++++ Source data ++++

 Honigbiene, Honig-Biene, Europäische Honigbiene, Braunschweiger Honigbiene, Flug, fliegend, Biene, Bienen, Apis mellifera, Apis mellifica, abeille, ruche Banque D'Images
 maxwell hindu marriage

++++
++++ Source data ++++

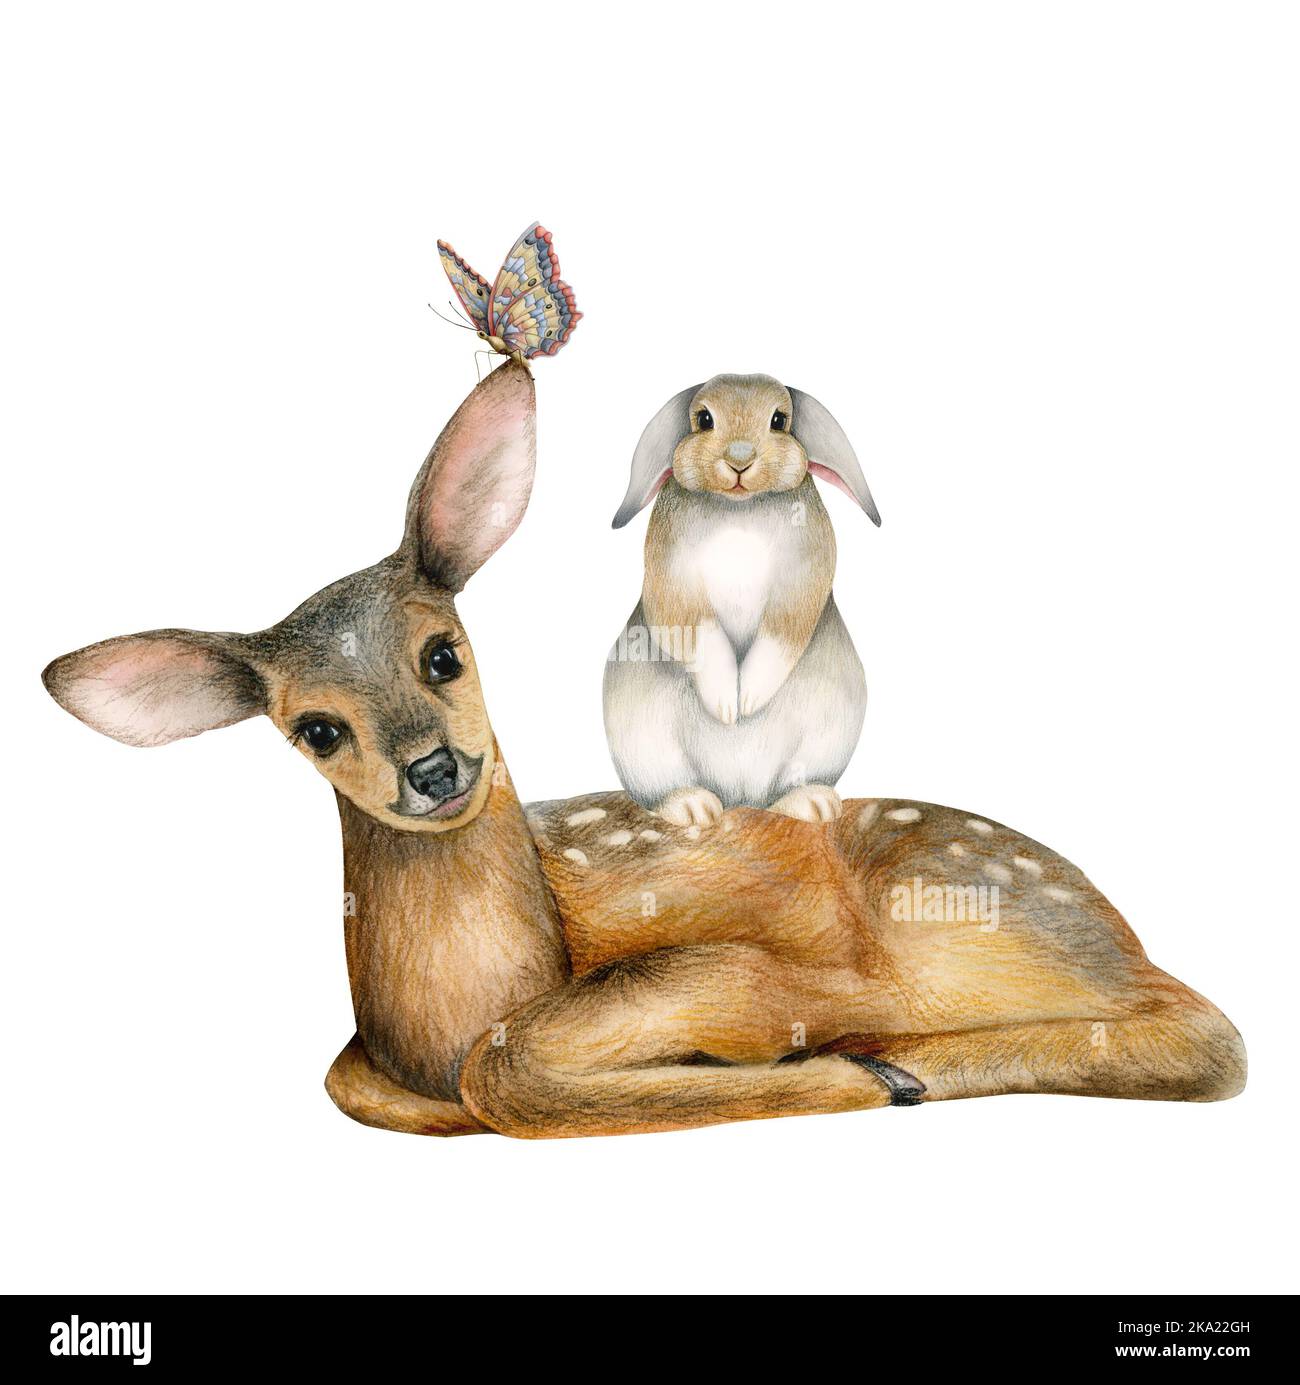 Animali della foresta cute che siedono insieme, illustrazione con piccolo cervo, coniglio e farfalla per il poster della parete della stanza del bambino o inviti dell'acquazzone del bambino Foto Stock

++++

» Problem description: Please give back exactly the lines of this listing beginning at the line with "Honigbiene, Honig-Biene, Europäische" and ending with the line with "maxwell hindu marriage", both included, and nothing else.

» Response area:
 Honigbiene, Honig-Biene, Europäische Honigbiene, Braunschweiger Honigbiene, Flug, fliegend, Biene, Bienen, Apis mellifera, Apis mellifica, abeille, ruche Banque D'Images
 maxwell hindu marriage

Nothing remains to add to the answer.